From Earth, Titan is an obscured ball, much like Venus, smothered in clouds. The moon was discovered by Christiaan Huygens in 1655, the same year in which he resolved Galileo's "ears" into the rings of Saturn. It was the next moon in our solar system to be discovered after Galileo observed the four main moons of Jupiter. In 1944, Gerard Kuiper concluded from observations of the moon that it had an atmosphere containing methane. In 1980, Voyager 1 passed close to Titan, specifically to capture close up images of the moon. Unfortunately, the atmospheric haze foiled this attempt. The Voyager 1 images of Titan show only a featureless ball. Given this, the Voyager 2 mission the following year was modified to concentrate on Saturn's ring and other moons. It barely looked at Titan at all.

Later, spectroscopic observations from Earth teased out some of the atmospheric constituents of Titan. Planetary scientists realised that given the atmosphere of nitrogen, methane, and other hydrocarbons, combined with the temperature of the moon, Titan could contain surface features consisting of frozen and liquid hydrocarbons, and possibly a weather cycle involving rain and evaporation of liquid methane. With an atmospheric pressure equal to 1.4 times that of Earth, making it the closest atmospheric pressure to Earth anywhere in the solar system, it seemed Titan might be a very interesting place indeed. We needed to know more about Titan.

NASA joined forces with the European Space Agency and Italian Space Agency to work on a combined deep space probe mission to Saturn and Titan. The mission was named for the two astronomers most historically connected with Saturn: the Cassini-Huygens mission. In 1990, The leader of the science imaging team for Cassini-Huygens was chosen: Carolyn Porco. The probe took almost a decade to design and build, and it was launched in 1997. In 1999, on the BBC Planets documentary, Porco expressed how difficult it was to have to wait until Cassini-Huygens arrived at Saturn in 2004. The sense of expectation and excitement, of new discoveries just around the corner, was palpable in that television program.

Carolyn Porco. Creative Commons Attribution-Share Alike image by Eirik Solheim from Wikimedia Commons.

2004 has now come and gone. The Cassini orbiter successfully went into orbit around Saturn on schedule in 2004. On Christmas Day it launched the Huygens part of the probe, an entry probe that descended into the atmosphere of Titan in January 2005. It analysed the composition, temperature, and wind speed of the atmosphere. It returned aerial images of Titan's surface as it descended by parachute. It also returned an image of the surface of Titan, taken after it landed. The aerial images showed what looked like lakes and river channels on the surface. Huygens landed in a dry region, showing a landscape of scattered icy rocks.

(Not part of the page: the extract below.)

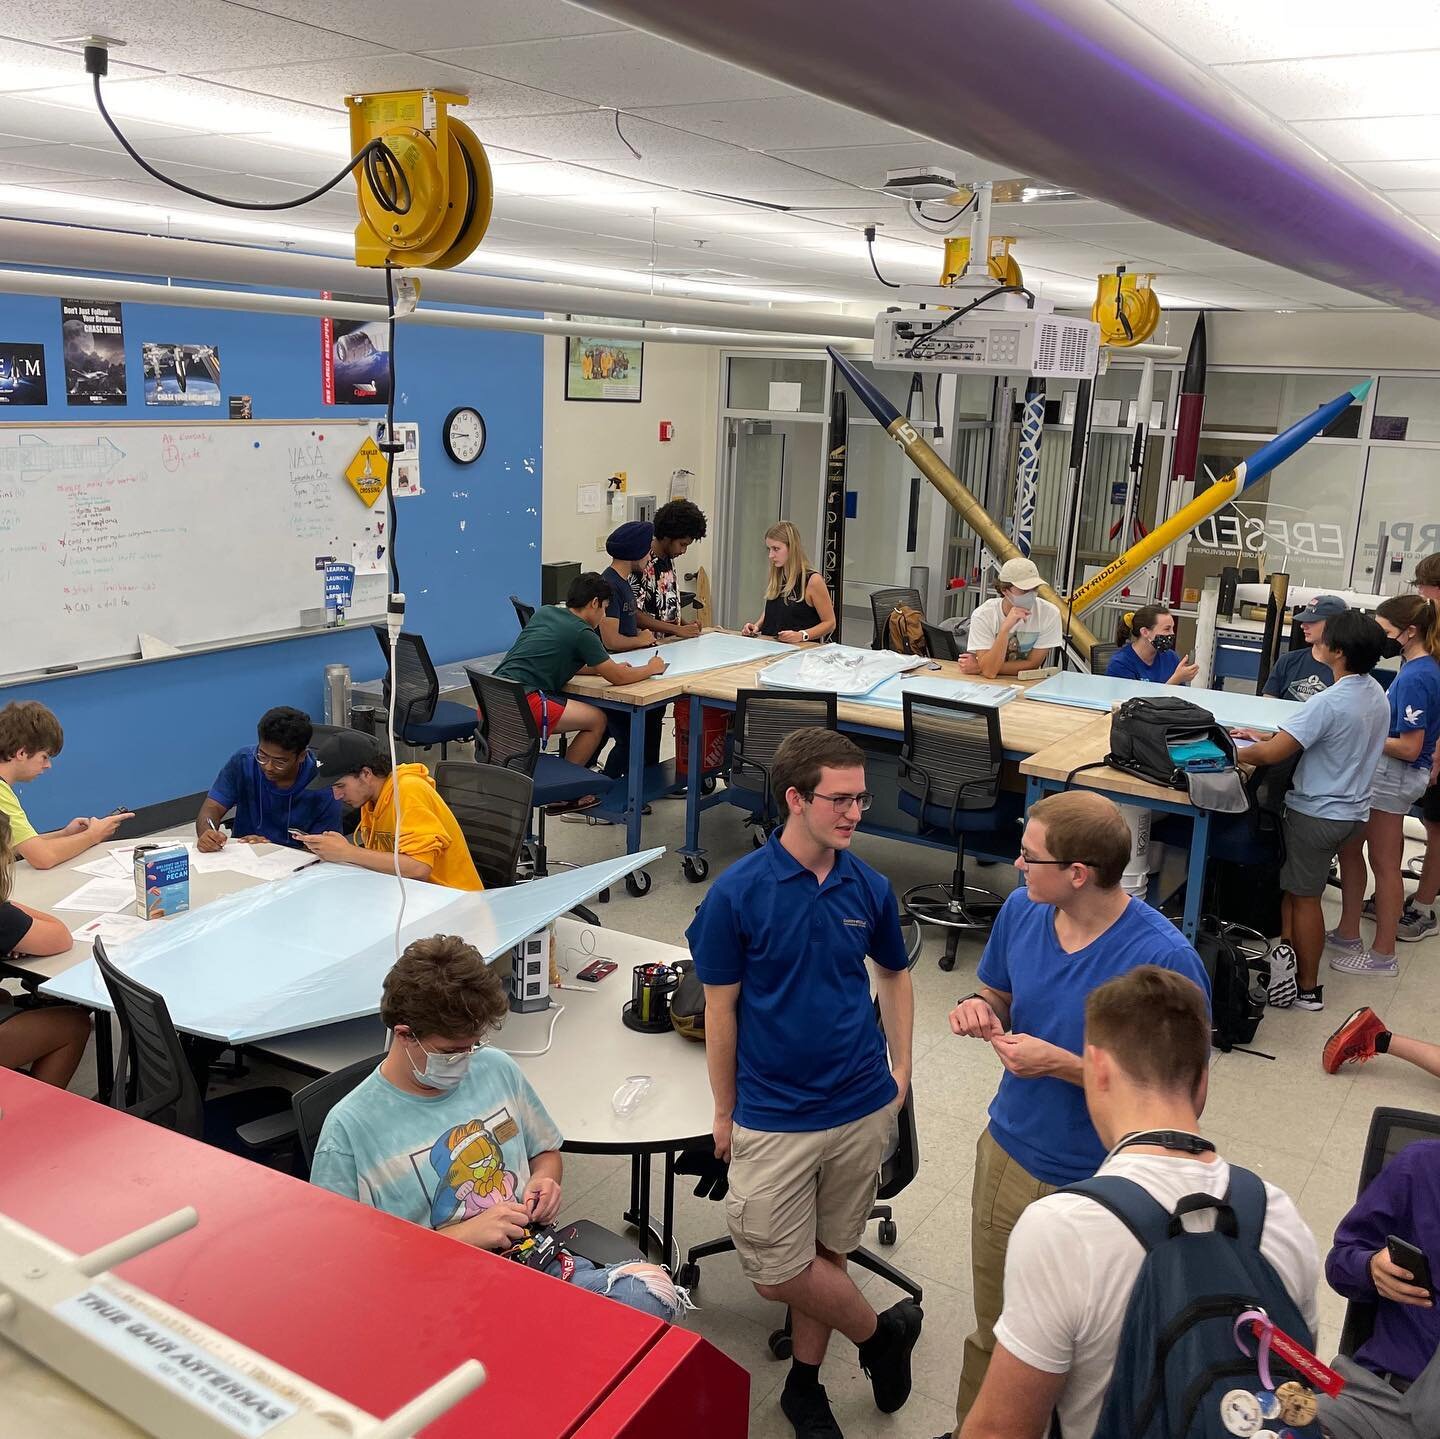 Last nights Pathfinder meeting had a big turn out with all hands on deck! The team continued work, and started working on our new &ldquo;Trailblazer&rdquo; rocket. This included making some molds for fins and a nose cone, while other members made a c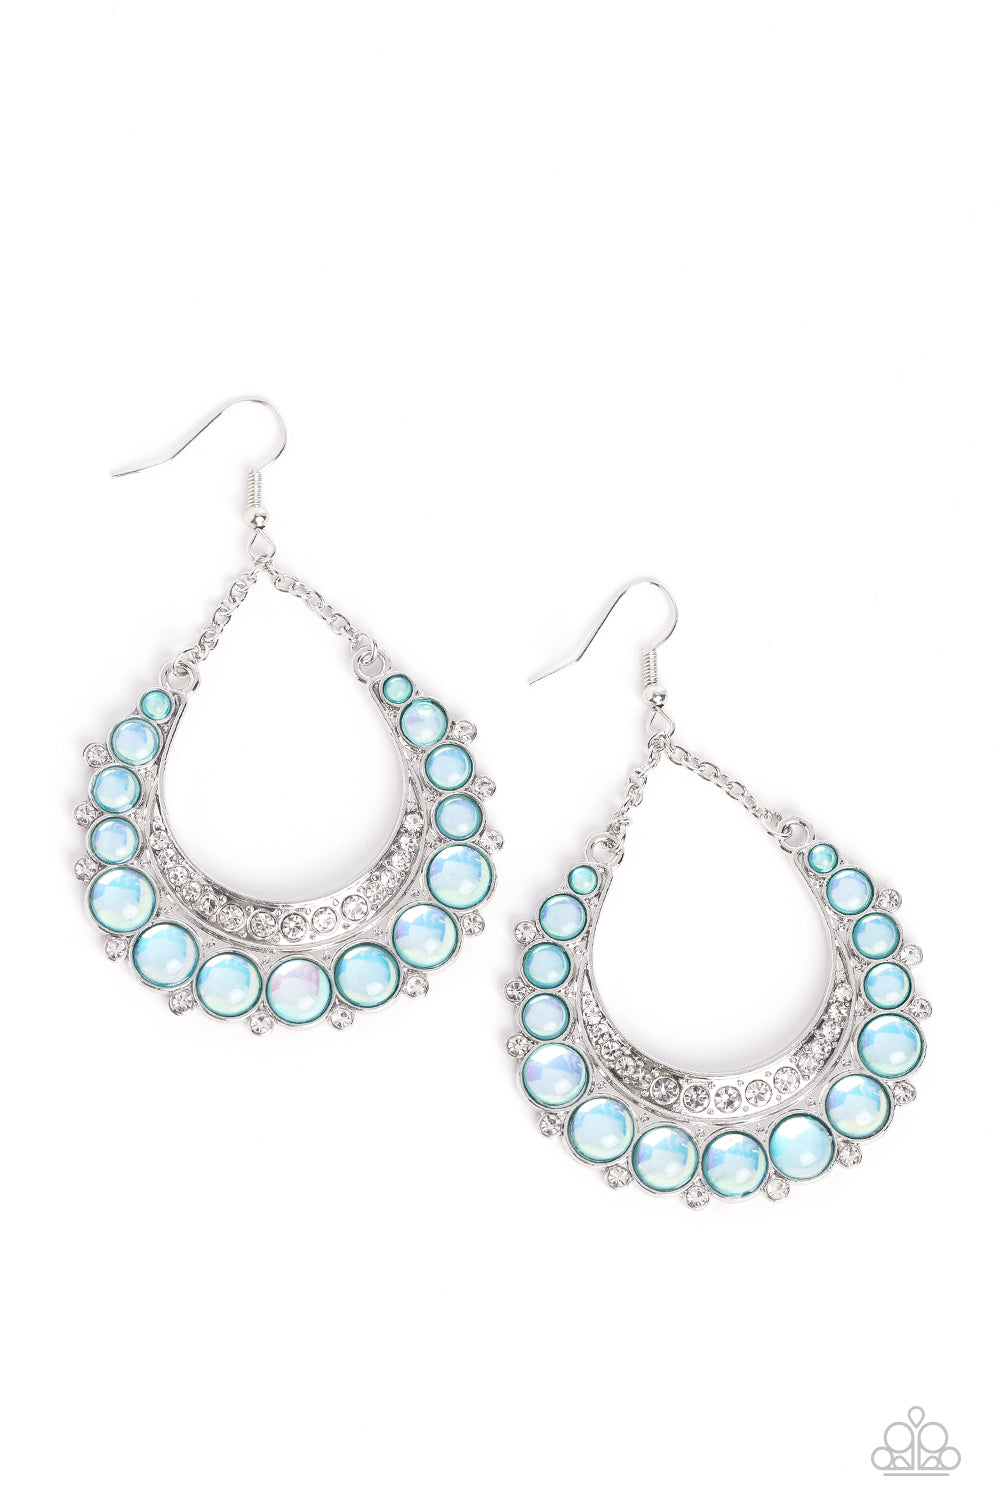 Bubbly Bling - Blue and Silver Earrings - Paparazzi Accessories - Bubbly blue beads are wrapped in silver frames as they fan out into a dramatic horseshoe shape. A thick silver crescent lined with white rhinestones nestles along the inside of the curve at the bottom, as tiny white rhinestones peek out from below the glassy blue beads. The dramatic design is suspended from silver chains, allowing the fancy framework to sway freely.

Cassini is also equipped with radar to allow imaging of the surface of Titan through the clouds. This has revealed a topography and geology of the moon reminiscent of many features seen on Earth: mountains, lakes, rivers, and even sand dunes. As of this writing, Cassini is still in orbit and returning new science data on Saturn, its rings, and Titan. It has revealed that the large lakes on Titan, composed of liquid ethane and methane, are stable over several years. Cassini has also supplied Porco and her team with mountains of new data on Saturn, several newly discovered moons, more details of the ring system and its dynamics, and detailed data on the moon Enceladus, including the discovery of geysers and cryovolcanoes on the moon. Even Saturn itself is revealing new secrets, with detailed observations of storm systems in its atmosphere.

Cassini is now on a death spiral, with its current orbit designed to decay to the point where it will collide with Saturn's atmosphere in 2017. Until then it should continue to provide further observations. The collision itself will also provide an important science opportunity as it stirs up the gases in the planet's atmosphere.

I hope to read about Carolyn Porco's observations and discoveries about Saturn for several years to come.

[1] The moons don't literally push the ring particles. Gravity is an attractive force, so the moons pull on the ring particles. It's the interaction of this pull with the differing orbital velocities and the gravitational field of Saturn itself that effectively confines the ring particles into certain orbits.